2013
11-11

# Highways

The island nation of Flatopia is perfectly flat. Unfortunately, Flatopia has no public highways. So the traffic is difficult in Flatopia. The Flatopian government is aware of this problem. They’re planning to build some highways so that it will be possible to drive between any pair of towns without leaving the highway system.

Flatopian towns are numbered from 1 to N. Each highway connects exactly two towns. All highways follow straight lines. All highways can be used in both directions. Highways can freely cross each other, but a driver can only switch between highways at a town that is located at the end of both highways.

The Flatopian government wants to minimize the length of the longest highway to be built.
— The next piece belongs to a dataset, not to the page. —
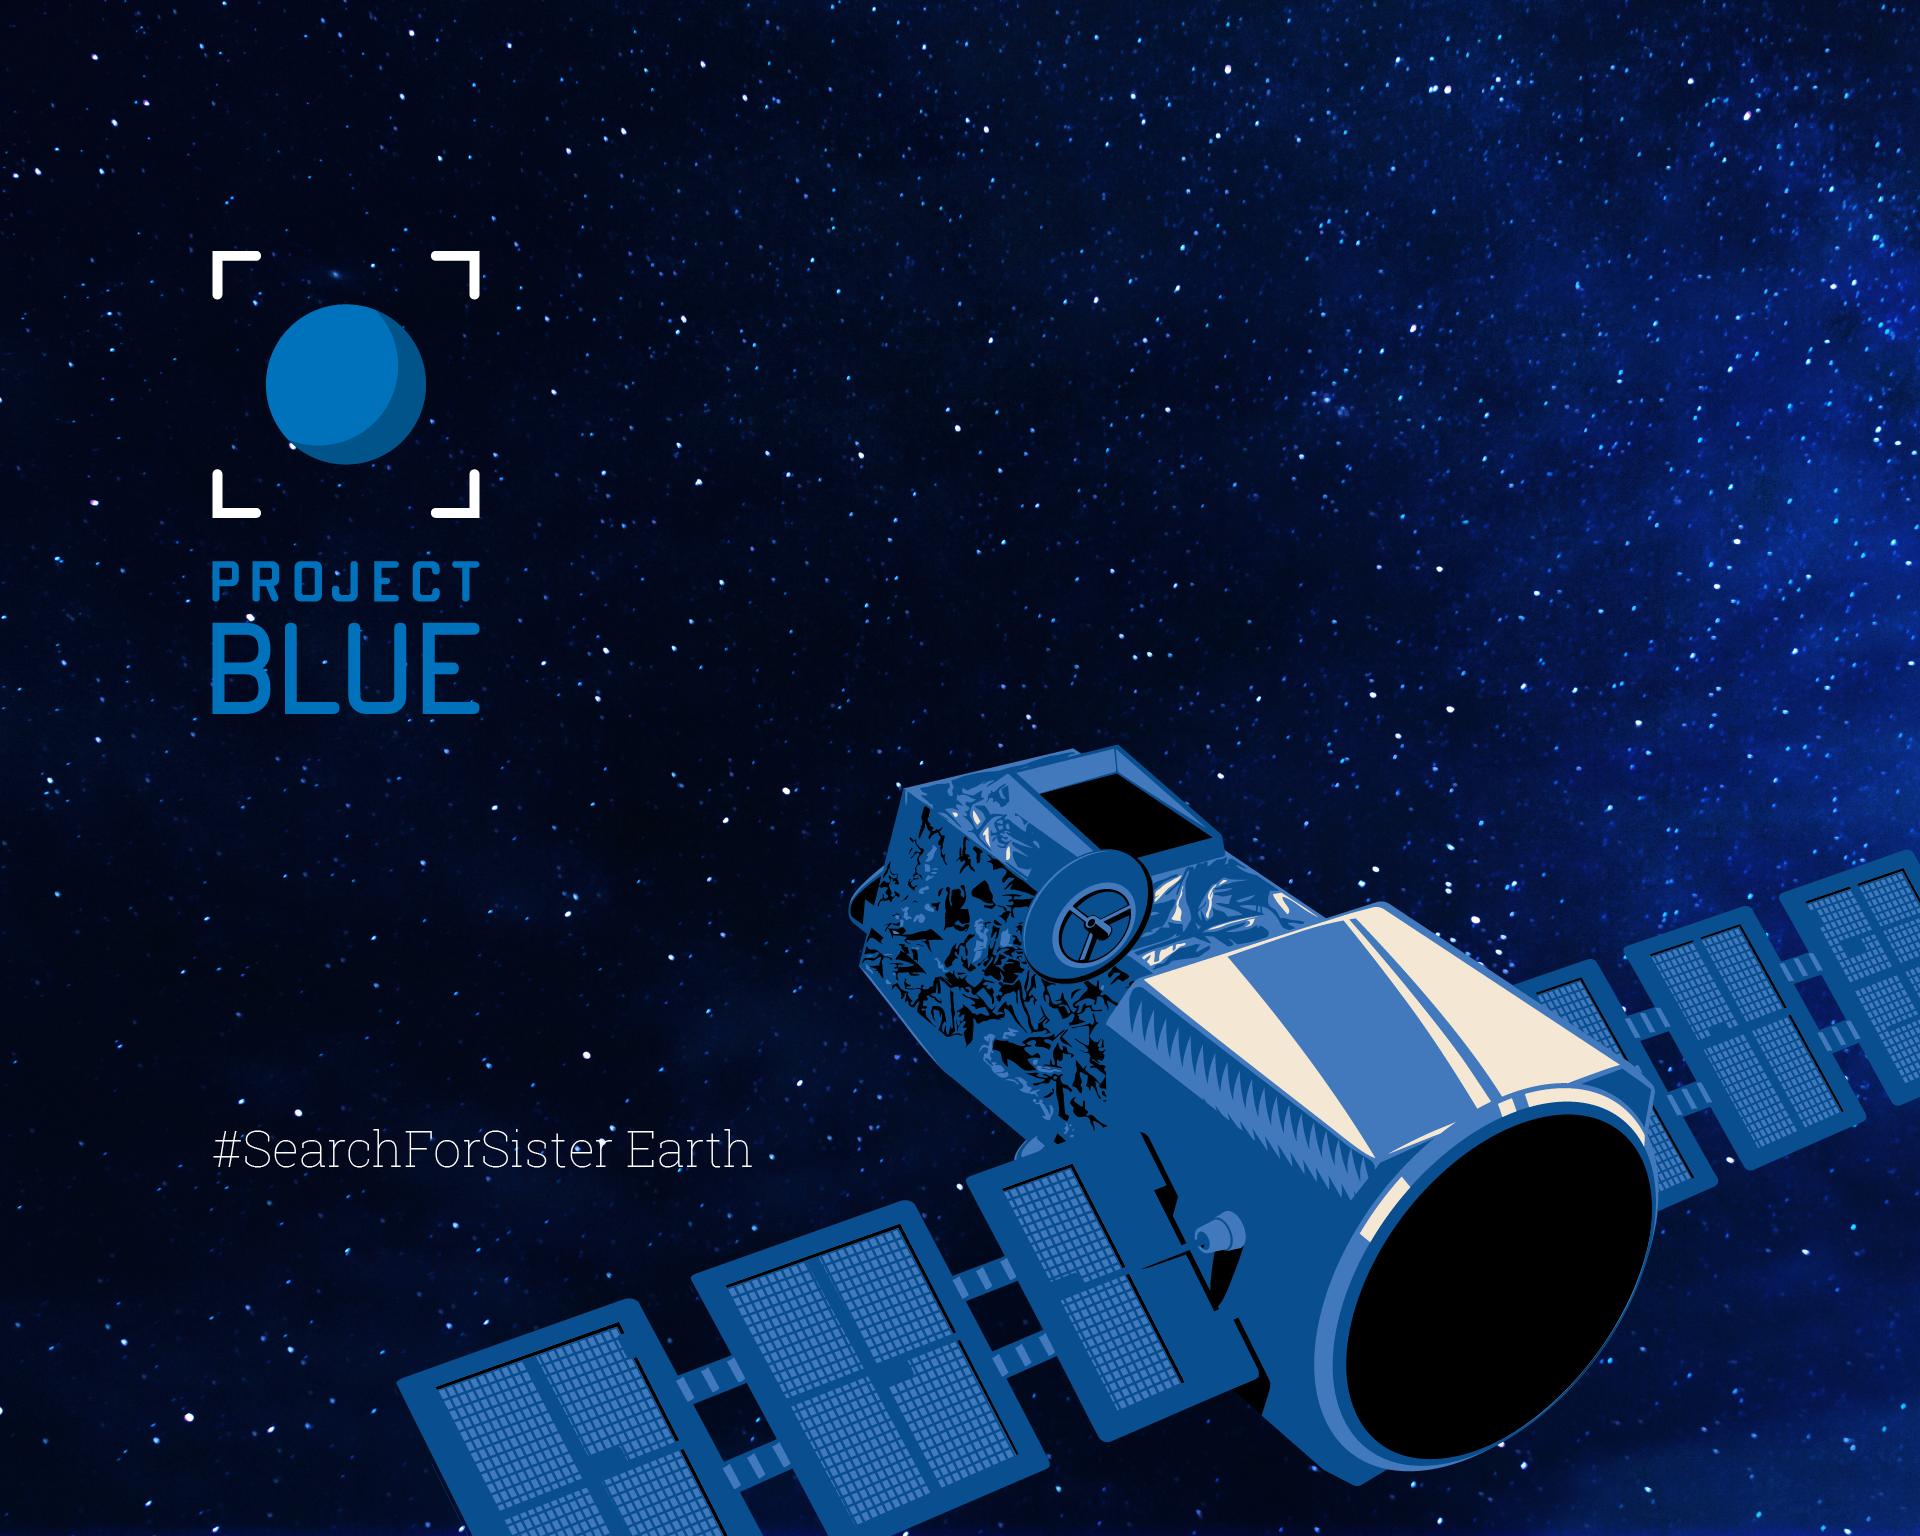 Project Blue Fullscreen Wallpaper

However, they want to guarantee that every town is highway-reachable from every other town.

The first line of input is an integer T, which tells how many test cases followed.

The first line of each case is an integer N (3 <= N <= 500), which is the number of villages. Then come N lines, the i-th of which contains N integers, and the j-th of these N integers is the distance (the distance should be an integer within [1, 65536]) between village i and village j. There is an empty line after each test case.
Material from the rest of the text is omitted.